$ emrebener
home topics ai & ml rag explained: retrieval-augmented generation without the hype

RAG Explained: Retrieval-Augmented Generation Without the Hype

author: emre bener read time: 14 min about: retrieval-augmented generation, large language model
published: updated: mentions: word embedding, vector database, cosine similarity, nearest neighbor search, fine-tuning, hallucination

1. What RAG is, and the problem it actually solves

Retrieval-augmented generation (RAG) is a simple idea wearing an intimidating name: before the model answers, you find text relevant to the question and paste it into the prompt. The model then answers from that text instead of from memory alone. That’s the whole mechanism. Everything else (embeddings, vector databases, chunking strategies) is plumbing in service of that one move.

To see why the move is worth making, look at what a language model alone cannot do. Its knowledge is frozen at training time, so it knows nothing about events releases or documents that came after its cutoff. It has never seen your private data, your company wiki, your support tickets, or last Tuesday’s incident report. And when it doesn’t know something, it rarely says so. It produces a fluent, confident answer that happens to be wrong. Think of it as a reasoning engine with a fixed, public, slightly stale memory.

RAG addresses exactly one of those problems: access.

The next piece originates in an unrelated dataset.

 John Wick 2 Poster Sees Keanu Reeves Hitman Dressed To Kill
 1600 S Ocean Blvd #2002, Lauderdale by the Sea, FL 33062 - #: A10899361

It gives the model the right facts at the moment it needs them, pulled from a source you control and can update whenever you like. Want the model to answer questions about a document written this morning? Add the document to the retrieval store. No retraining, no fine-tuning, and nothing to wait for from the next model release.

It helps to be precise about what RAG does not do, because this is where the hype outruns the mechanism. RAG does not make the model smarter. It does not improve reasoning, math, or the model’s ability to follow instructions. It does not guarantee a correct answer. It changes what the model has in front of it, not what the model is capable of. If the model can reason well but lacks a fact, RAG closes that gap cleanly. If the model is bad at the underlying task, handing it more text just gives it more material to be wrong about.

There’s also an underrated benefit that has nothing to do with knowledge: attribution. Because the retrieved text comes from documents you can identify, a RAG system can cite its sources. The user gets an answer and a link to the paragraph it came from. For anything where trust matters (legal, medical, internal documentation, customer support) that traceability is often the real reason teams adopt RAG, more than the freshness.

2. The pipeline: indexing offline, retrieving at query time

A RAG system has two halves that run at completely different times. The first half, indexing, runs offline, ahead of any user question. The second half, retrieval and generation, runs online, once per query. Keeping these two phases separate in your head does most of the work of understanding the rest.

The indexing phase turns your corpus into something searchable. You take your documents, split each one into smaller passages (chunking, the subject of section 4), and pass every passage through an embedding model. The embedding model converts each passage into a vector, a list of numbers that encodes its meaning. You store those vectors, alongside the original text, in a vector database. This phase is slow and potentially expensive, but you pay the cost once, and re-pay only for documents that change.

The query phase reuses that index. When a user asks a question, you embed the question with the same embedding model, producing a query vector. You search the vector database for the stored passages whose vectors are closest to the query vector, and take the top few (the “top-k” results). Those passages are the retrieved context. You assemble a prompt that contains the user’s question plus the retrieved passages, hand it to the language model, and the model generates an answer grounded in that context.

Two details in that description matter more than they look. First, you have to use the same embedding model for both indexing and querying. Vectors from two different embedding models live in incompatible coordinate systems, and comparing them produces noise. Change your embedding model and you must re-index the entire corpus. Second, the language model never searches anything. It only ever sees the final assembled prompt. From the model’s point of view there is no “retrieval”; there is just a prompt that happens to contain some relevant text. The retrieval is something your system does before the model is involved at all.

That separation is also where most of a RAG system’s quality is won or lost. The model can only work with what retrieval hands it. If retrieval surfaces the wrong passages, the model has no way to know, and no way to recover. Good generation cannot rescue bad retrieval. This is why most of the rest of this post is about the retrieval half.

3. Embeddings and similarity search

Retrieval works by turning meaning into geometry. An embedding model maps a piece of text to a point in a high-dimensional space (typically a few hundred to a few thousand dimensions) such that texts with similar meaning land near each other. “How do I reset my password” and “I forgot my login credentials” share almost no words, but a good embedding model places them close together, because it was trained to encode meaning rather than vocabulary. That property is the entire reason RAG retrieval works on questions phrased differently from the documents that answer them.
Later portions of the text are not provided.